Monitor and Safeguard Your Data Quality

4 mins

Overview

After carefully planning and prototyping, researchers can begin the actual data collection. It is important to note that the data collection process is best considered “work-in-progress.” Thus, researchers need to remain agile and adapt the code where required. Here we outline the 10 most common data quality issues and how you can resolve them.

10 Common Issues

1. It cannot be verified whether all the data that should have been collected was indeed collected.

  • Log each web request (i.e., URL call), along with response status codes, timestamps of when the collection was started, and when the request was made.
  • Save raw HTML websites, along with the parsed data, and compare them.

2. The data collection has been interrupted or stopped unexpectedly.

  • Verify timestamps in log files or content of parsed data to gauge severity.
  • Try to identify and fix the cause of the interruption.
  • Record issues in a logbook (e.g., in the documentation) and notify potential users of the data.
  • Set up a monitoring tool to timely alert you to any future issues.
  • Move data collection to a more stable environment (e.g., a cloud computer rather than a local office PC).

3. It is cumbersome/takes a lot of time to conduct quality checks.

  • Automatically generate reports on data quality (e.g., using RMarkdown).
  • Automate data preparation workflows.

4. The data collection takes place in a highly dynamic environment.

  • Monitor the data collection environment (e.g., subscribe to the focal firm’s blog, keep an eye on the websites of related firms, etc., to identify any additional data that needs to be captured). Record any important events in the documentation.

5. The data collection breaks frequently.

  • Choose more stable data selectors (e.g., CSS is less stable than HTML tag words; “English” class names may be better than cryptic class names, etc.).
  • Make use of error handling to avoid interruptions (e.g., try and except in Python), but do not blindly ignore any error.
  • Store raw HTML files, along with parsed data for recovery of data.
  • Consider using an API (over web scraping).

6. The data collection is unexpectedly slow.

  • Check whether you obey the retrieval limit or fair use policy and implement timers/pauses where possible.
  • Check for traces of being banned/blocked/slowed down by the website (e.g., by investigating the retrieved content).
  • Notify data provider(s) about potential bandwidth issues (e.g., in the case of using a provider’s API).
  • Update the technically feasible retrieval limit, and re-calculate desired sample size, extraction frequency, etc.

7. Fewer data than expected is retrieved.

  • Check for any time-outs and erroneous server responses.
  • Verify that the extraction software is suitable for the type of data source (e.g., static vs. dynamic websites).
  • Store raw HTML files of websites or JSON response of an API during the data collection, inspect what data is available in the raw data, and verify it has been parsed correctly.

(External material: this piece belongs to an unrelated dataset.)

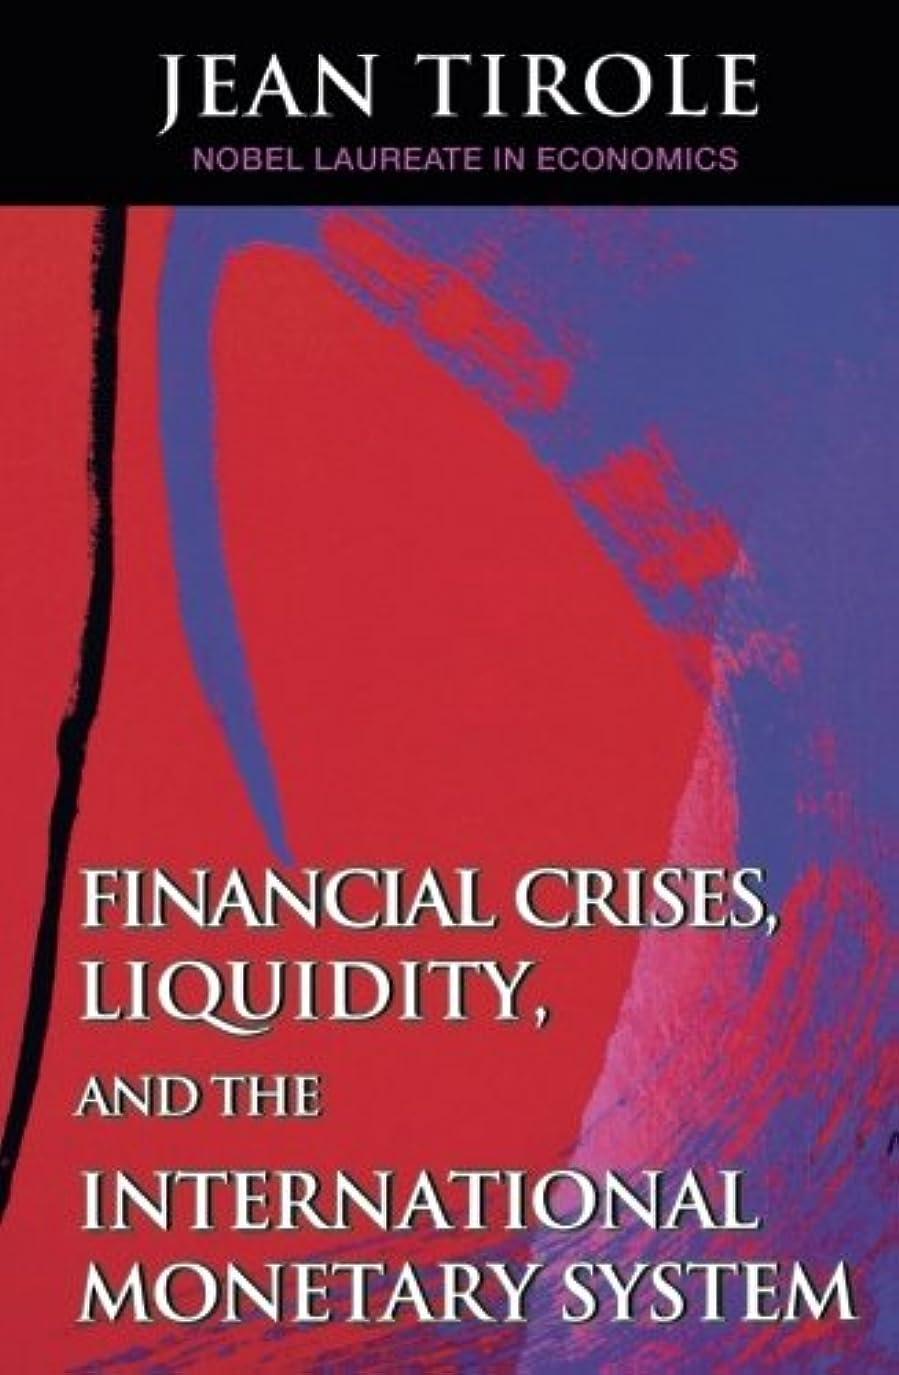 ガジュマル時折証明するFinancial Crises, Liquidity, and the International Monetary Systems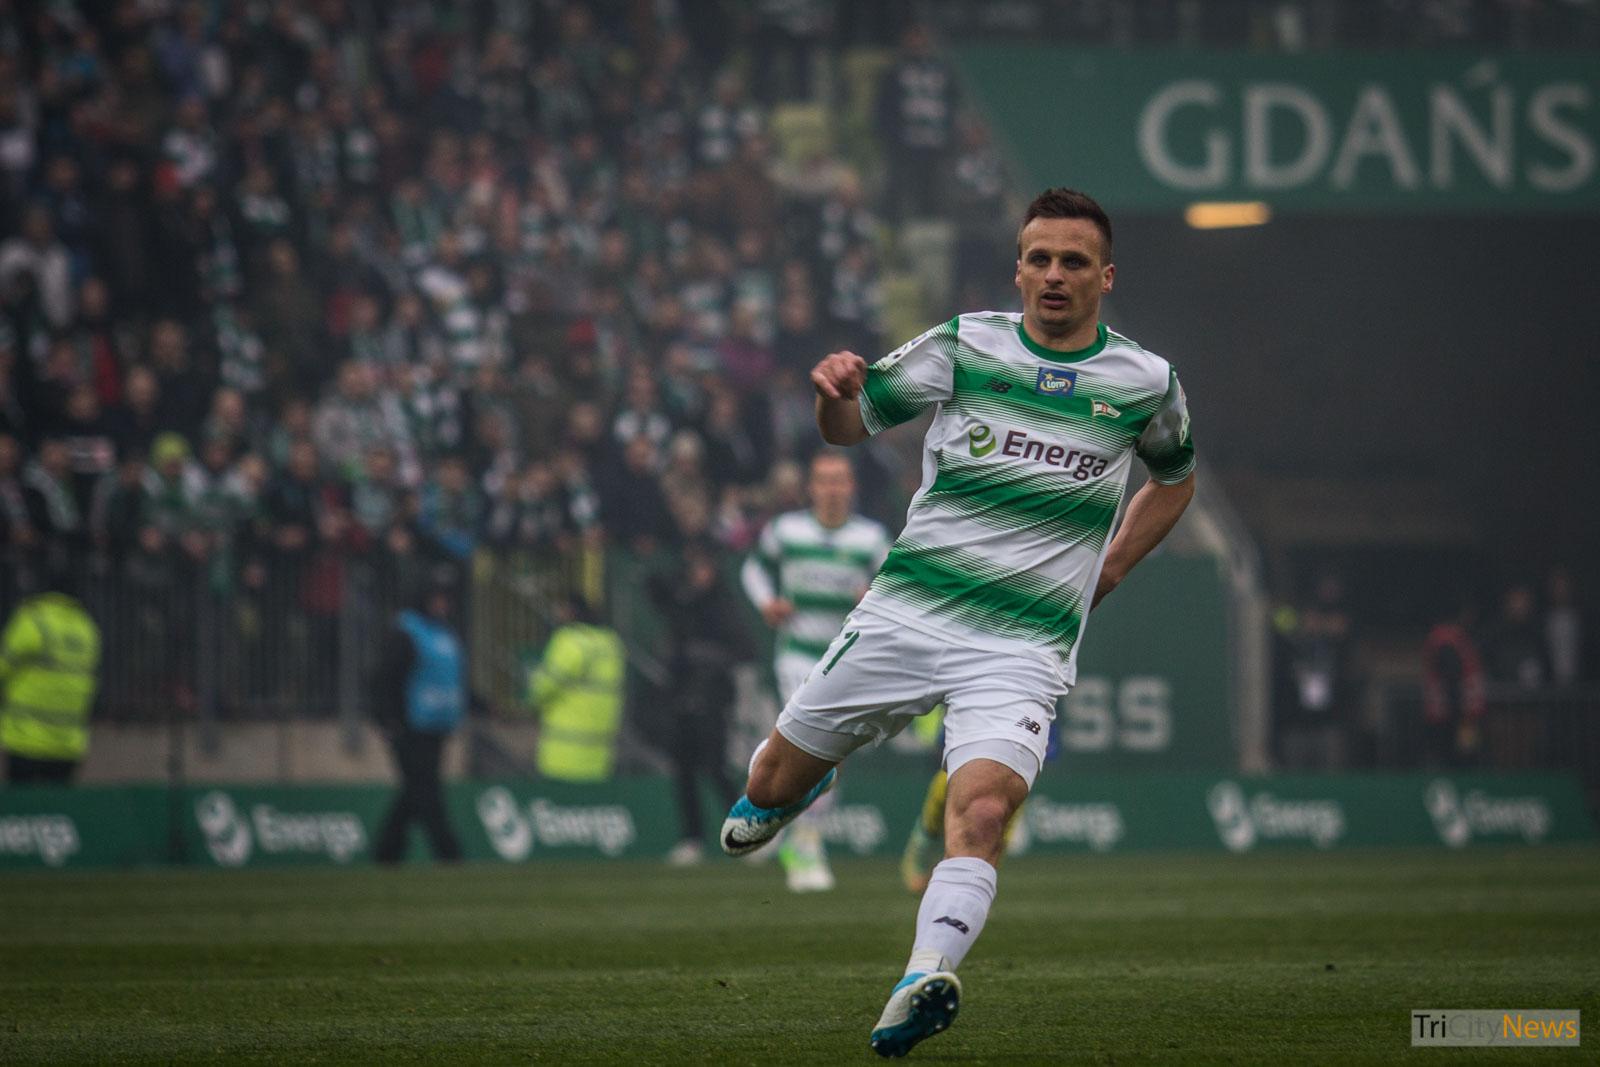 Slawomir Peszko at Tricity Derby, Photo: Jakub Wozniak/Tricity News

8. Disk space is exceeded, or many files are generated.

  • Move data to a remote file location (potentially zip files before uploading them to save bandwidth, e.g., every day).
  • Make use of external databases (e.g., by the university or in the cloud).

9. The computer, which collects the data, crashes.

  • Verify whether the computer has had an uninterrupted power supply (and ask University to place the computer on a secure power line or notify you about planned power outages).
  • Move scraping software to the cloud, and implement checks that data collection runs.

10. Cloud service provider bills exceed projected costs.

  • Verify that computing resources are appropriate (e.g., downscale servers on which collection scripts run, verify that database runs optimally). Consider the costs of data transfer.
  • Verify whether any backup data can be moved to a different location or placed in a glacier for which lower storage costs will be charged.
  • Consider writing data to files after collection, rather than keeping them in an actively running database in the cloud.